Interpretive Summary: Conventional multivariate statistical methods have been used for decades to calculate environmental indicators. These methods generally work fine if they are used in a situation where the method can be tailored to the data. But there is some skepticism that the methods might fail where the data do not have "nice" properties in a statistical sense. The aim of the paper is to demonstrate some of the shortcomings of some of the popular methods and to identify how the Malmquist index might be used as an alternative. The paper presents the results of an exhaustive review in the field of environment, hydrology and water quality which identified the most commonly used approaches. We then compare the most popular method, principal component analysis with the Malmquist index, using a synthetic data set with known properties. We found that the Malmquist index approach always produced good results. On the same data set, the statistical method failed and gave results that are not usable, or worse, misleading. This result calls into question many of the results reported for the calculation of an index in geoscience applications.

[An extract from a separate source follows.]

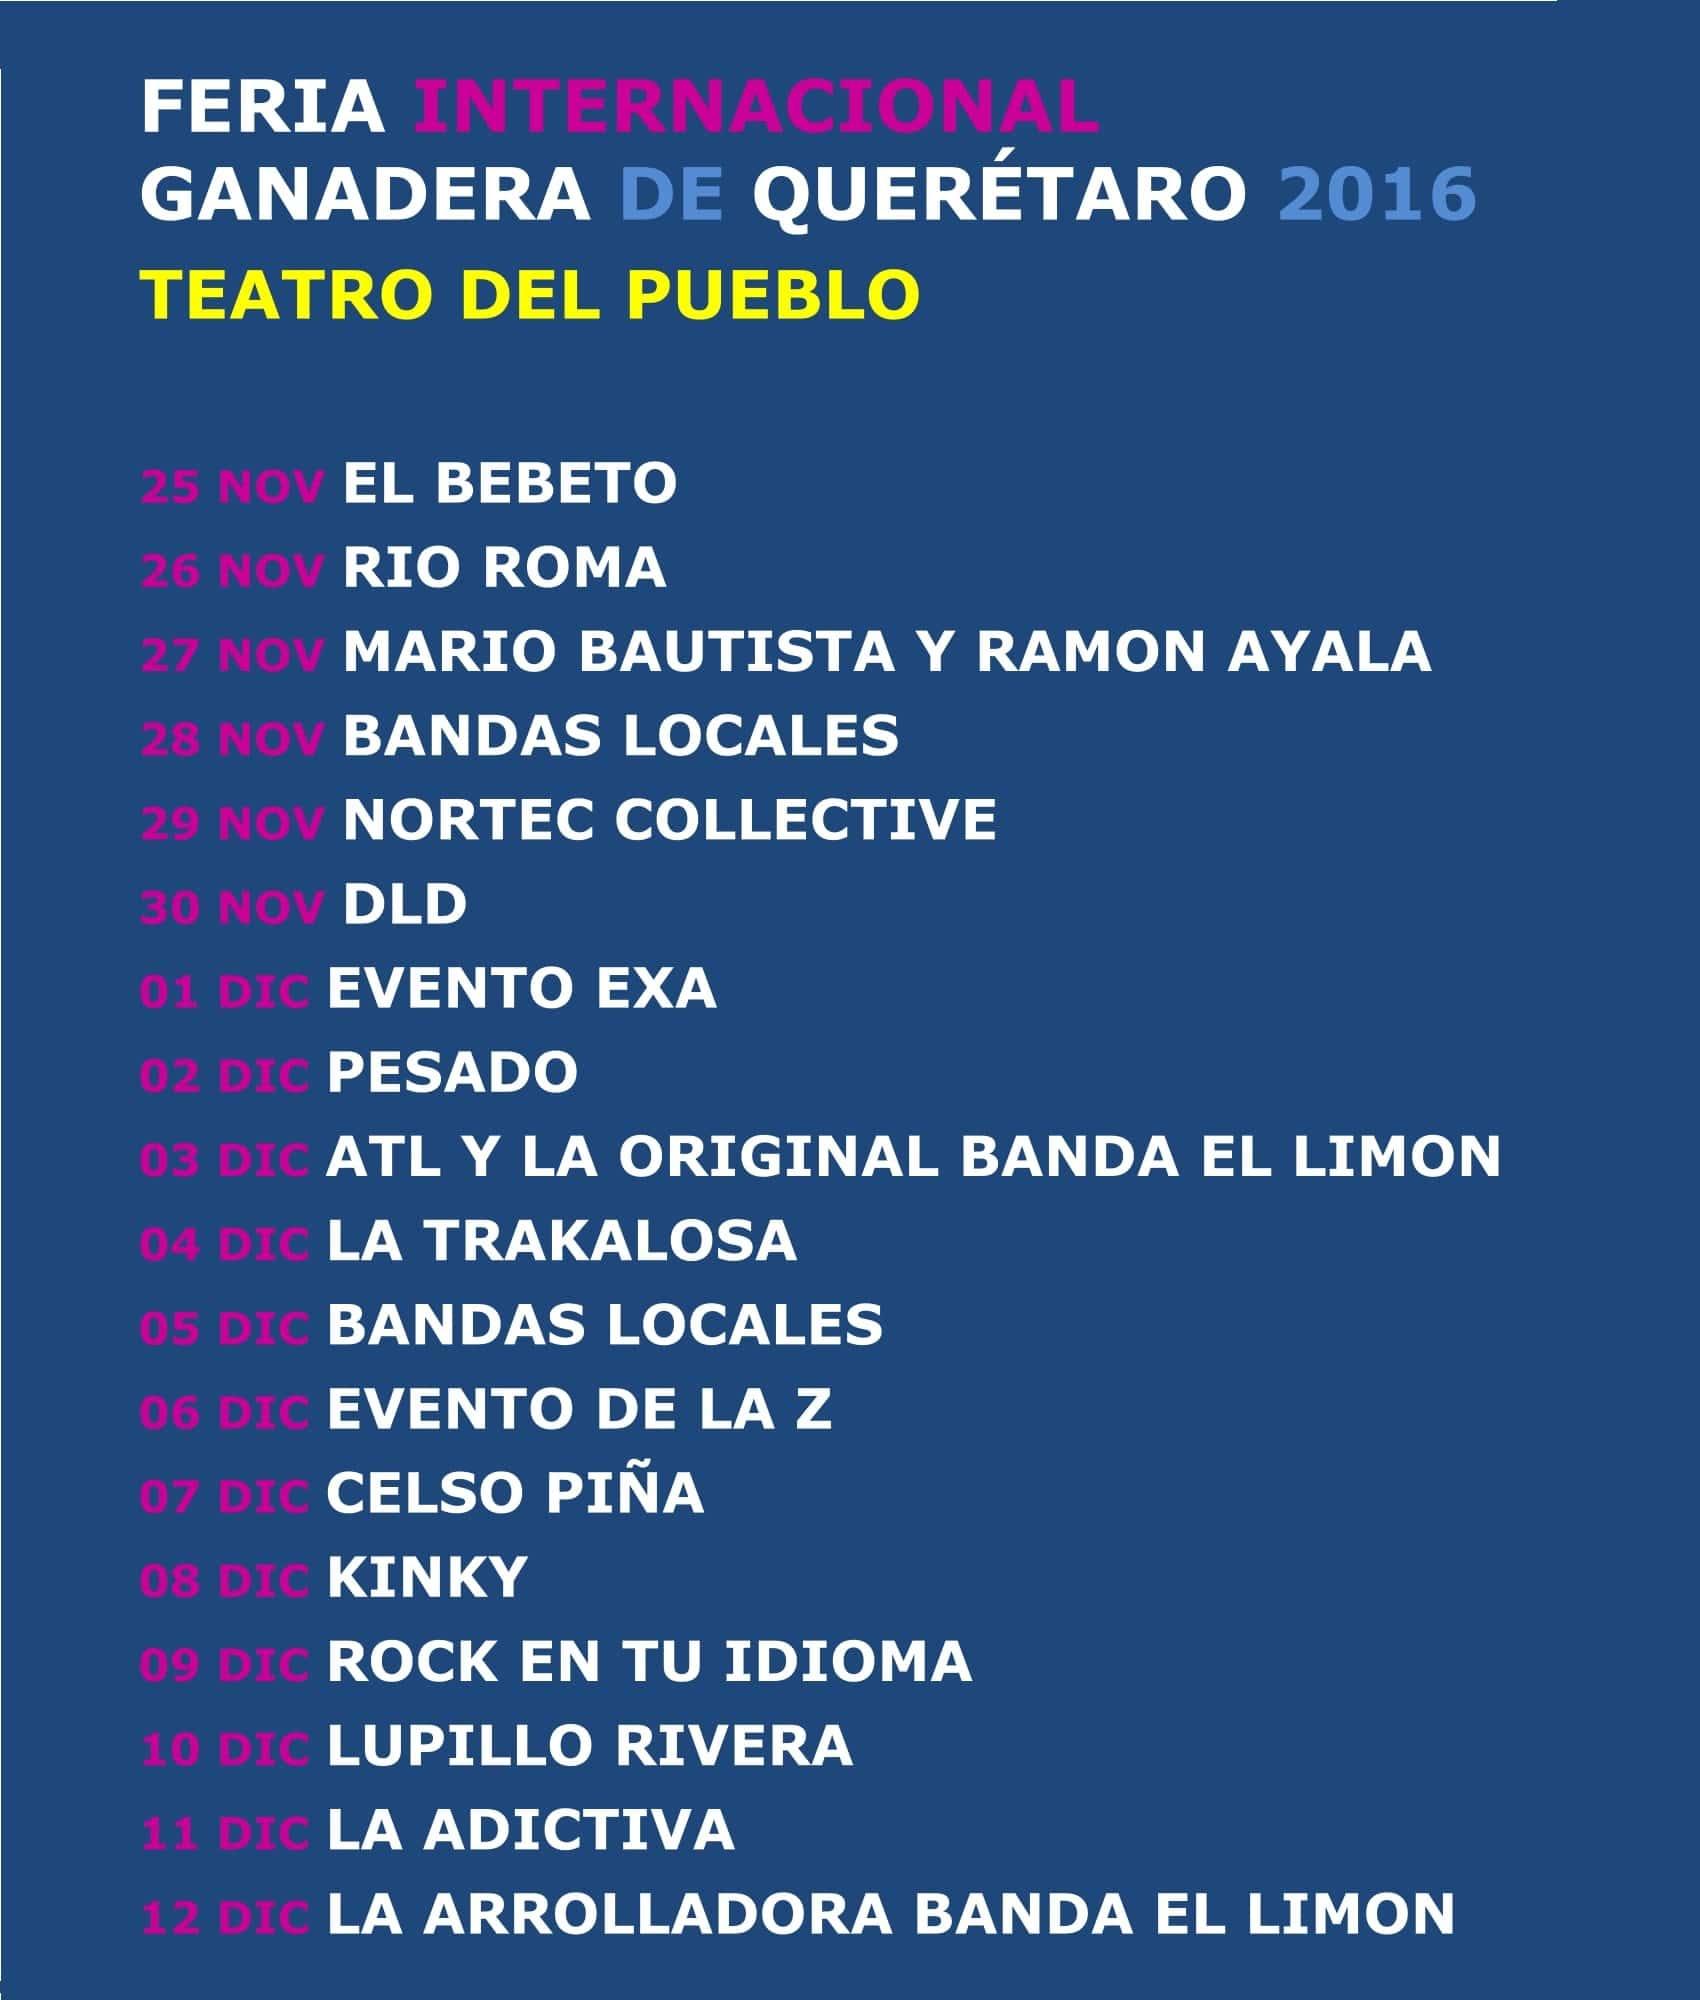 Teatro del Pueblo Feria Queretaro 2016

Technical Abstract: Conventional multivariate statistical methods have been used for decades to calculate environmental indicators. These methods generally work fine if they are used in a situation where the method can be tailored to the data. But there is some skepticism that the methods might fail in the context of skewed data distributions or spatial auto-correlation. Further, the indicators developed by statistical approaches cannot be used to compare different regions or time periods that had not been covered by the input data. The aim of the paper is to demonstrate some of the shortcomings and to identify how the Malmquist index might be used as an alternative. The paper presents the results of an exhaustive review in the field of environment, hydrology and water quality which identified the most commonly used approaches. Then principal component analysis as representative of these approaches and the Malmquist index are challenged with simulated time series data to demonstrate the failure of statistical methods in two of the most common problems faced in construction of a water quality index.